The problem of collection fusion is focused towards selecting the best sources and how many items to be retrieved from each so as to maximize coverage under restrictions on the number of items that will be retrieved. Most of the work related to collection fusion problem for distributed databases is not directly applicable to Web meta search context. Majority of the search engines supply data in predetermined increments like 10 or 20 links, and a typical user rarely examines more than a few tens of links for a given query. Specifying a fractional amount of links to be retrieved from each search engine is feasible but due to practical considerations and the incremental nature of the results, current systems tend to use all of the links that are retrieved from a particular search engine. It is also not common practice to adjust the number of links to be retrieved from a search engine based on the query terms. In general the server selection in a meta search environment is a binary or at most a discrete problem (e.g., select 20, 50, or 100 links from a particular search engine). Methods based on document scores are not directly applicable to meta search domain either: Majority of search engines do not report any scores at all, and there are considerable variations between the ones reporting some sort of scores.
|
Mearf is a typical meta search engine augmented with text processing abilities. Its user interface consists of a CGI program that allows to input a query string, and select a subset of the supported search engines.
Various modules in Mearf and their interaction are summarized in Figure 1. Once a query is submitted to Mearf, its search engine interface module connects to the selected subset of search engines, obtains their results in the html format, parses them, removes advertisements, and extracts and returns the actual links. Note that if the number of links to be retrieved is larger than a given search engine's link increment value, multiple html pages are retrieved until either search engine's results are depleted or until the requested number of links are fetched. The search engine interface module basically handles all communications to the search engines. To expedite retrieval, it opens multiple connections via multi-threading. For each link, the associated URL, URL title, and snippet information are passed on to the text processing module. This module processes URL titles and snippets (stop list, stemming, tf-idf normalization) to form a sparse vector for each link to be used in vector-space model operations in the reranking module. Once the duplicates are removed and a reranking method is applied, the results are presented to the user.
We have a dictionary consisting of about 50K stemmed words and an augmented stop list, both geared for html and snippet domain. If a term does not appear in the dictionary but appears in the query, it is assumed to be a rare term and gets assigned a predetermined important idf value, if a term is neither in the query nor in the dictionary, or if it is in the stop list but not in the query, it is ignored. We normalize each vector using 2-norm. We implemented sparse vector, html and text processing modules handling all html to text conversions, word stemming (a variation of Porter's stemming algorithm), text to sparse vector conversions, and operations on sparse vectors. All of these modules, including multithreaded html retrieving and search engine interfacing, are written in C++, balancing efficiency, flexibility and ease of maintenance.
Mearf uses a robust duplicate removal scheme. It is able to detect a very large majority of duplicate URLs and/or mirrors with very few false positives.

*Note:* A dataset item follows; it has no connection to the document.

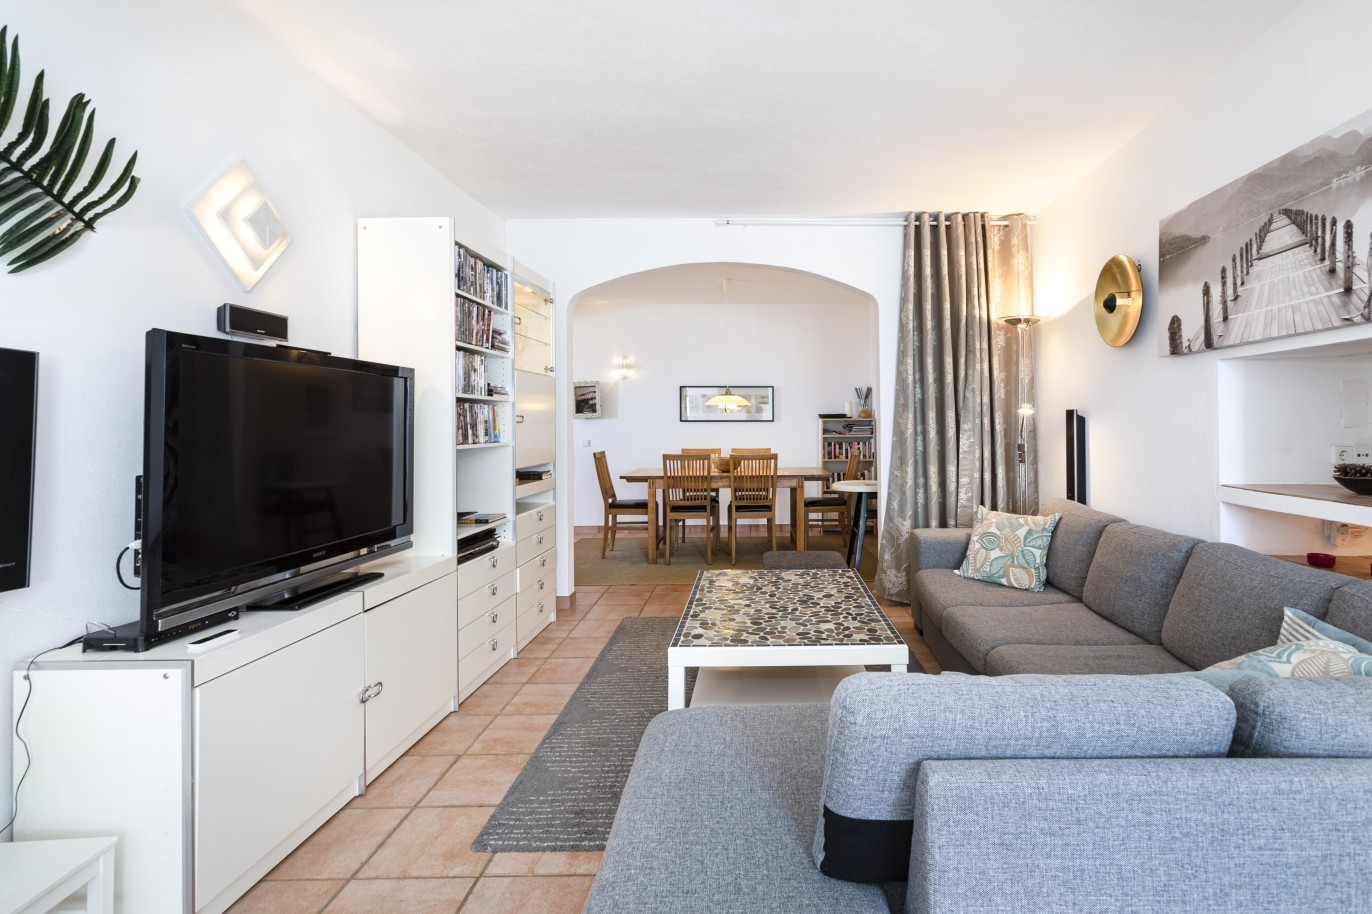 5 bedroom villa with pool and sea view, for sale in Estoi, Algarve_230480

Although it is possible to merge different URLs if their snippets are very similar (for example, updated version vs older version of the same web page), these cases are rare, and benefits of a decent duplicate removal scheme outweights the loses.
With this framework we are able to extract and process hundreds of links per search engine, and most search engines are willing to supply a maximum of 300 to 800 links to a regular user. By using five to ten search engines, Mearf architecture can quickly retrieve and process up to a few thousands of unique links for a given query. Default behavior of Mearf for a regular user is to forward the query to four or five search engines, and retrieve from each 20 links. For a typical query, after the duplicates are removed, we are left with about 60 to 70 unique links. Unlike traditional search engines that display results in increments, Mearf presents all in a single, compact, ordered list fitting about 20 results on a typical browser page.
Our objective behind Mearf was to build an experimental testbed that will allow us to evaluate different fusion approaches. To generate enough traffic and to encourage people to use Mearf, we advertised it in our department homepage by putting a small search box, forwarding the query to Mearf's own page (http://mearf.cs.umn.edu/). Mearf was publicly available since November 2000 and has a small but stable user base, attracting several hundred queries every week from users worldwide. Figure 2 shows how the user-interface looks like for a typical user.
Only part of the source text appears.